Figure 6.Two-band approximation of strong mode coupling. Comparison of the exact solution and approximate two-band model of strong coupling between the modes ${\mathrm{TE}}_{\mathrm{1,1},0}$ and ${\mathrm{TM}}_{\mathrm{1,1},1}$. Green dashed lines are visual guides.

The conventional method to characterize strength of mode coupling is the Rabi frequency ${\mathrm{\Omega}}_{\mathrm{R}}$, which is a half of minimal distance between the dispersion curves of coupled modes (see Fig. 6). For the two resonances to be spectrally separable, the minimum mode-splitting needs to be greater than the sum of the half linewidths of the modes, which is a necessary condition to observe strong coupling.60 For the avoided resonance crossing under consideration ${\mathrm{\Omega}}_{\mathrm{R}}r/c=0.018$, which is 35 times higher than the sum of the half linewidths, and which clearly manifests the strong coupling of modes.

2.5 Effect of Material Losses

For the cylindrical resonator analyzed above, we neglect the material losses and take into account only the radiative ones. Here, we analyze the effect of material losses on the quality factor of quasi-BIC and on the conditions of strong coupling. Figure 7(a) shows the dependence of the total quality factor $Q$ on the aspect ratio for the high-frequency mode in the vicinity of the avoided crossing regime between the modes ${\mathrm{TE}}_{\mathrm{1,1},0}$ and ${\mathrm{TM}}_{\mathrm{1,1},1}$ at different material loss level. One can see that the $Q$-factor strongly depends on the material losses and could be substantially decreased. In the presence of material losses, the total ${Q}_{\mathrm{tot}}$ factor could be estimated as $${Q}_{\mathrm{tot}}^{-1}={Q}_{\mathrm{rad}}^{-1}+{Q}_{\mathrm{mat}}^{-1},$$where ${Q}_{\mathrm{rad}}$ and ${Q}_{\mathrm{mat}}$ are responsible for the radiative and material losses, respectively. Therefore, the results obtained for the lossless cavity are justified and ${Q}_{\mathrm{tot}}\approx {Q}_{\mathrm{rad}}$ if the radiative losses are dominant (${Q}_{\mathrm{rad}}>{Q}_{\mathrm{mat}}$).

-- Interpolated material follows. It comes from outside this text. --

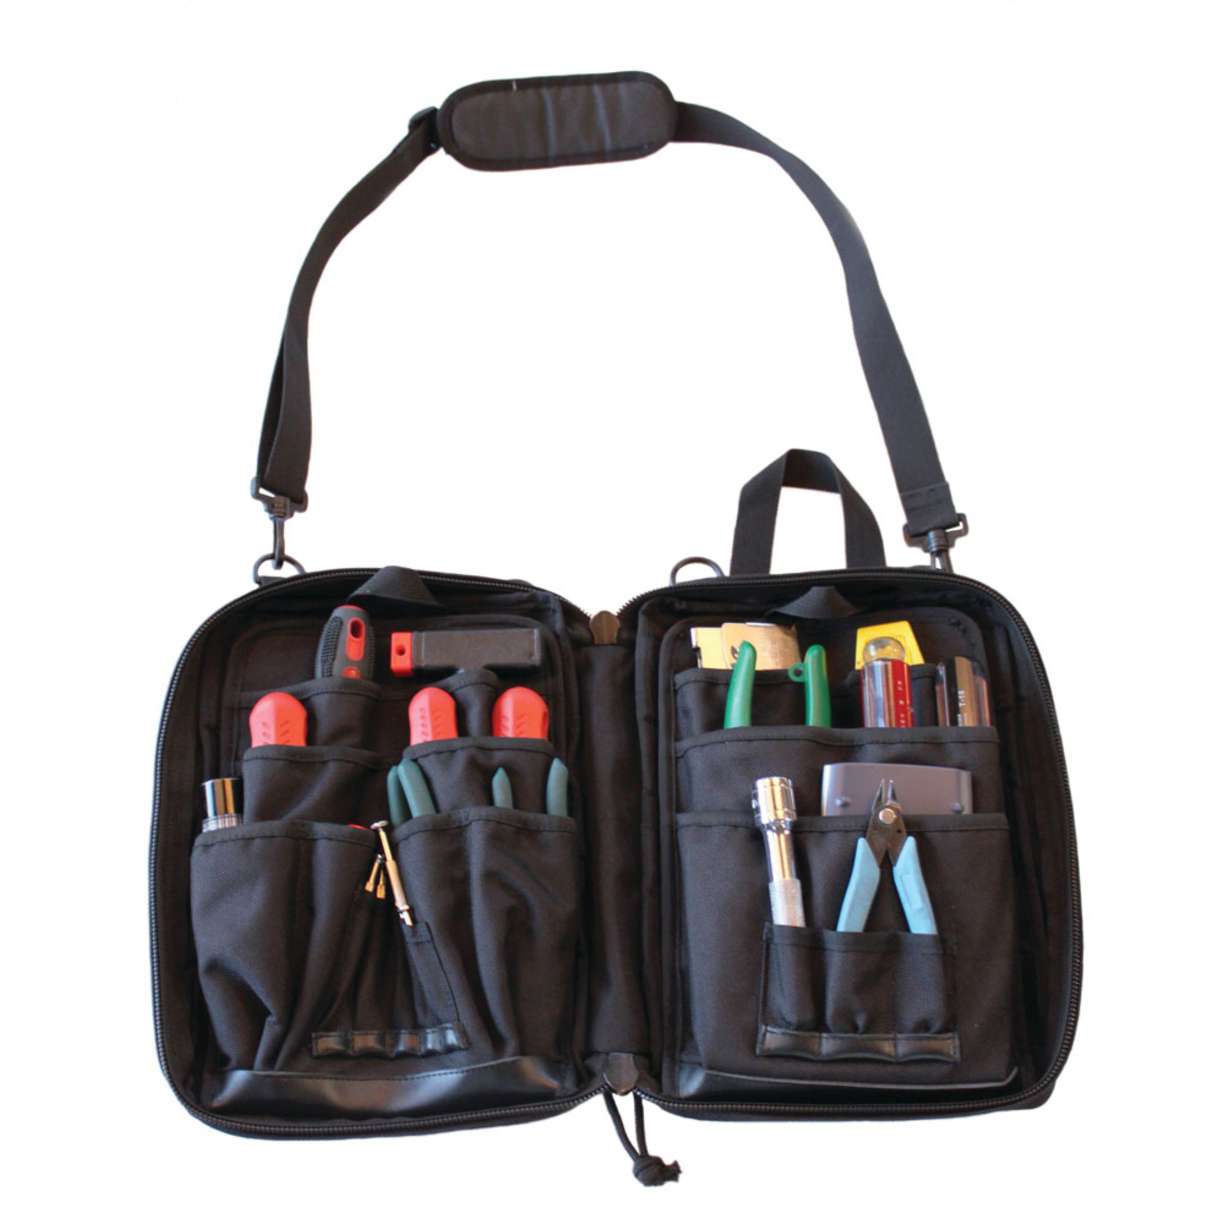 Pro-Fit Carry Systems Zippered Tech Tool Bag with Shoulder Strap

Figure 7.Effect of material losses on the regime of strong coupling and quasi-BIC. (a) Dependence of the total quality-factor $Q$ on the aspect ratio for various levels of material losses. (b) Dependence of Rabi frequency and sum of half linewidths of the coupled modes on the level of material losses. Insets visualize the ratio between Ω_{R} and linewidths. Here, ${\gamma}_{+}$ and ${\gamma}_{-}$ are the damping rates of the modes of the diagonalized Hamiltonian [Eq. (10)].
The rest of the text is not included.